## Work order
Could you retype exactly the lines below between the one holding "Cast in 18 karat" and the one holding "storefront to view", inclusive, leaving out any pictures?

## Exercise data
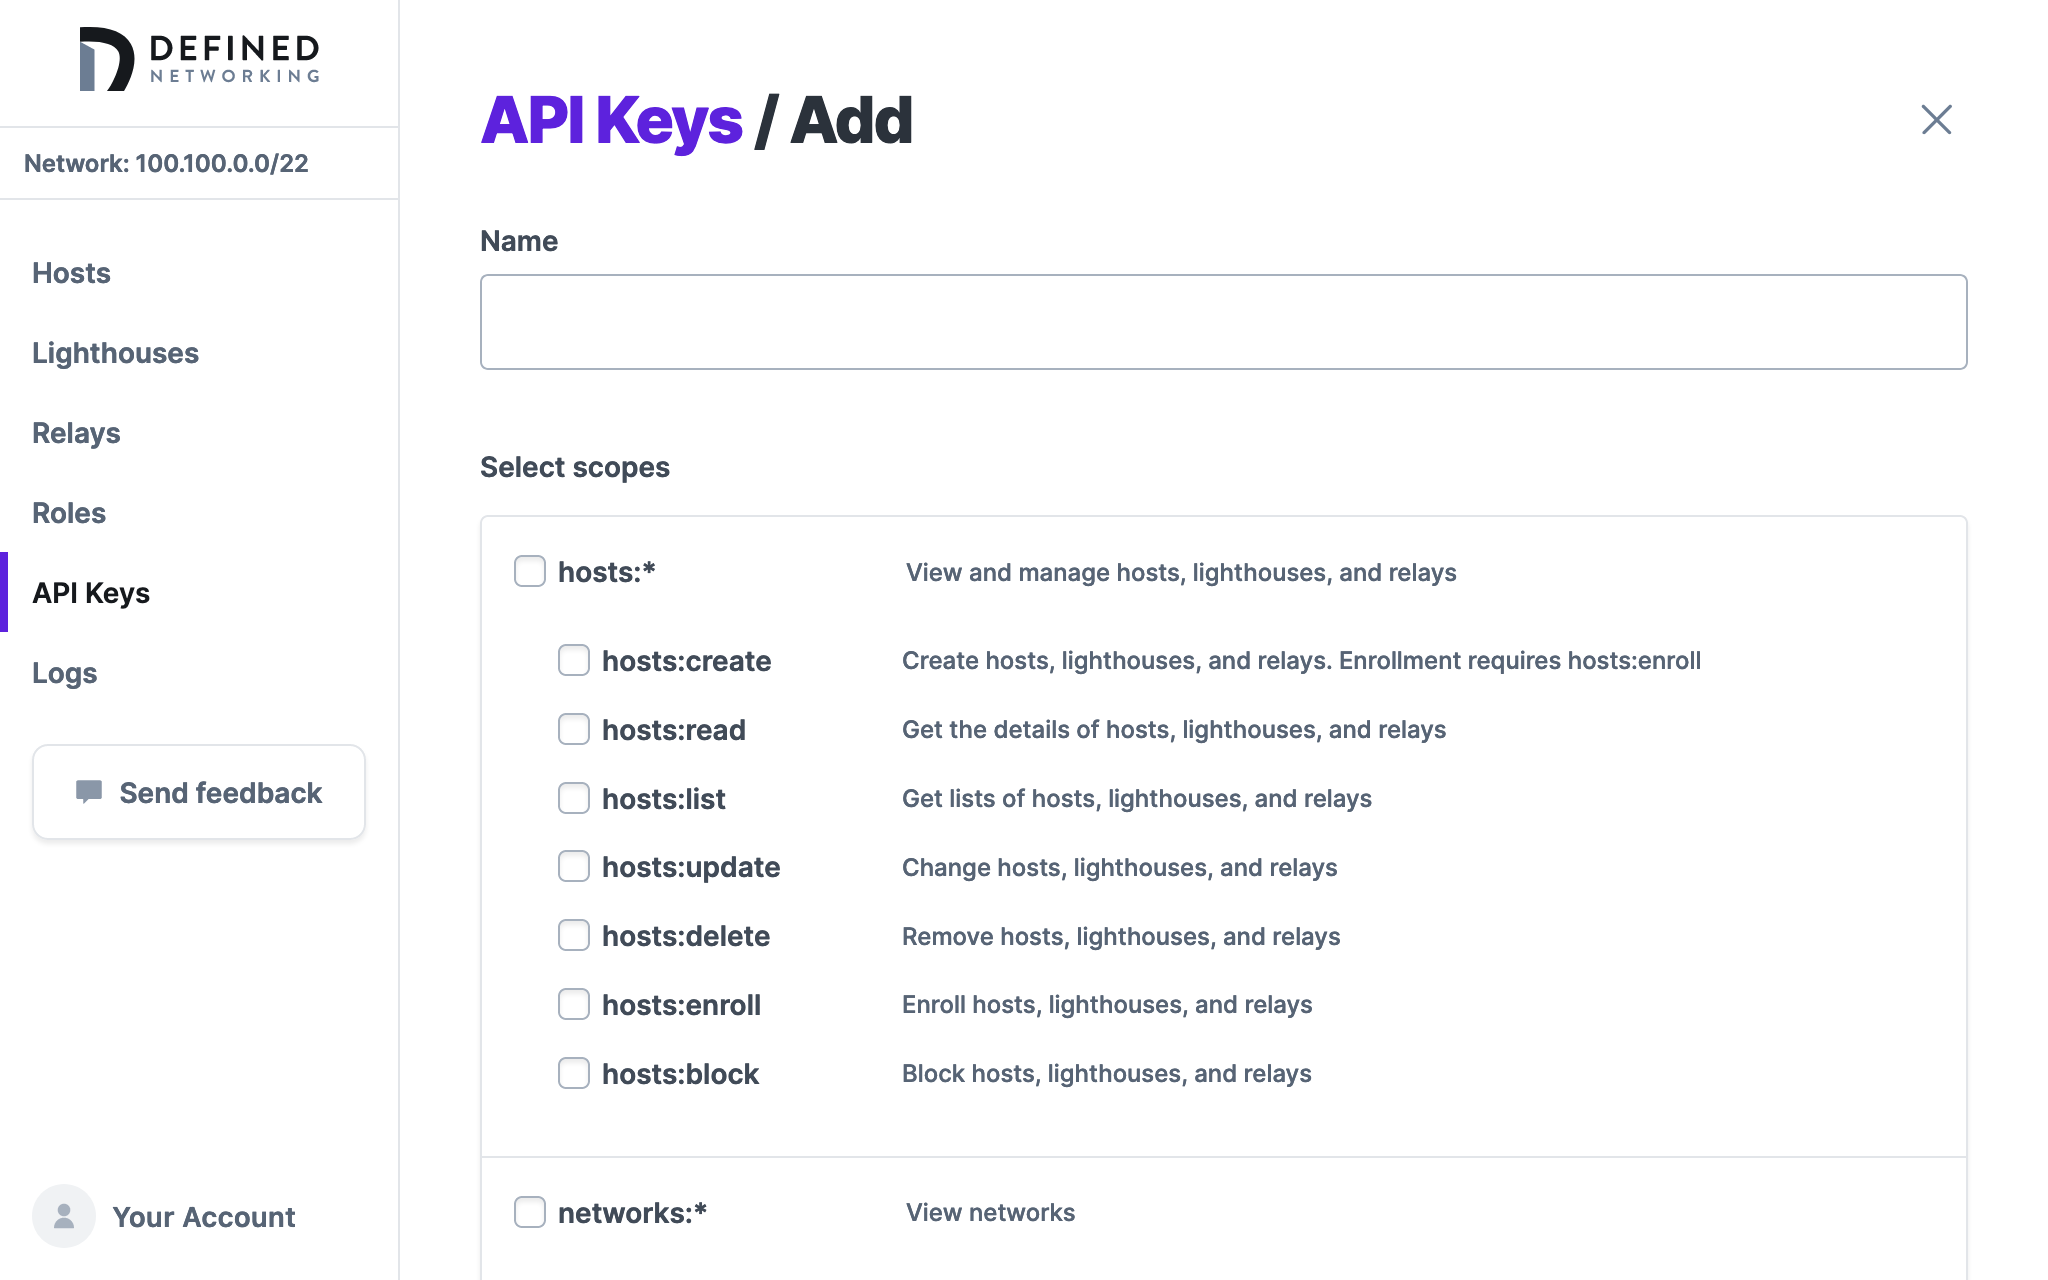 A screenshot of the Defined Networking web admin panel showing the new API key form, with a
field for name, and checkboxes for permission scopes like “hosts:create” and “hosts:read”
* * *
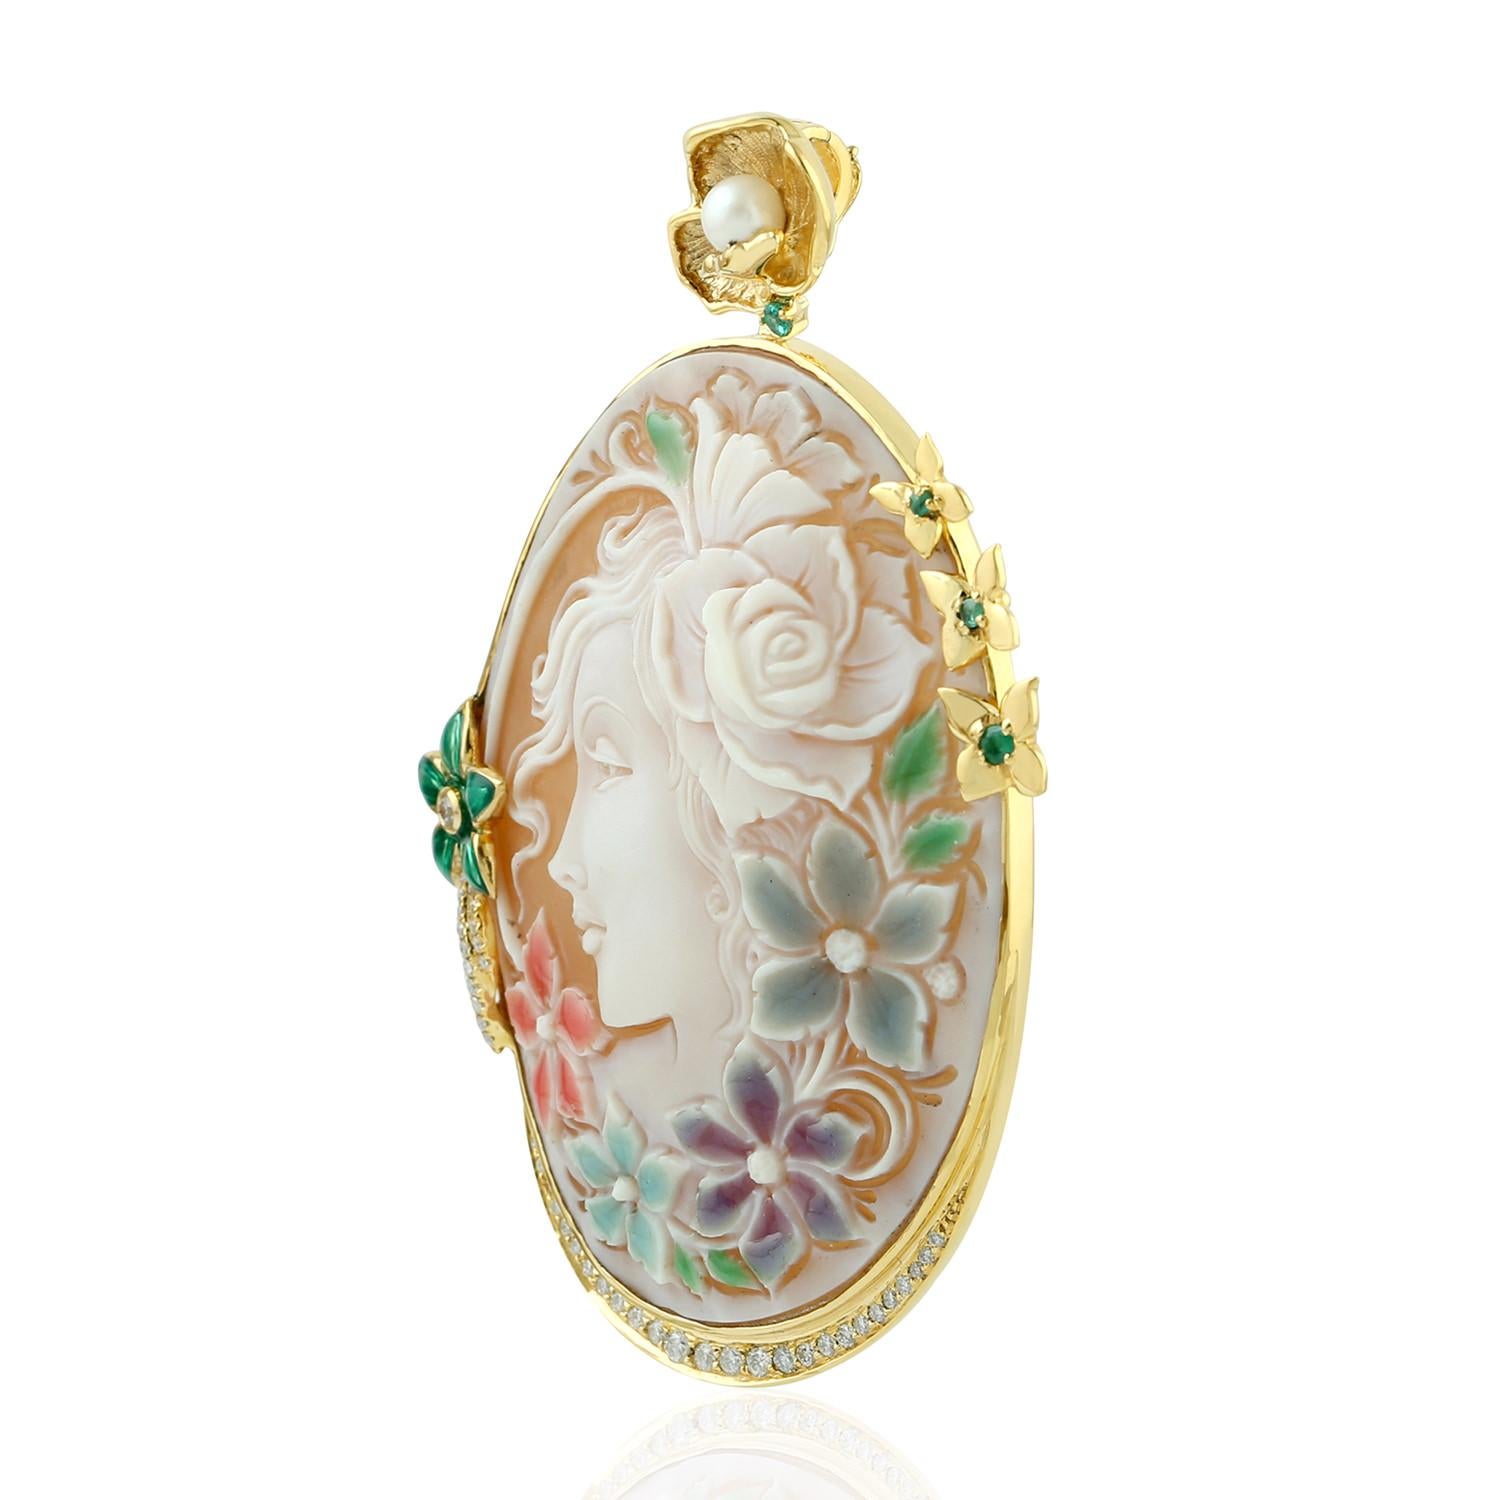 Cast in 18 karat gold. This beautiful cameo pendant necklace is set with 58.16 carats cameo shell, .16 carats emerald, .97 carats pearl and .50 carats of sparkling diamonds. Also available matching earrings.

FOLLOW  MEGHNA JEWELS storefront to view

## Response
 Cast in 18 karat gold. This beautiful cameo pendant necklace is set with 58.16 carats cameo shell, .16 carats emerald, .97 carats pearl and .50 carats of sparkling diamonds. Also available matching earrings.

FOLLOW  MEGHNA JEWELS storefront to view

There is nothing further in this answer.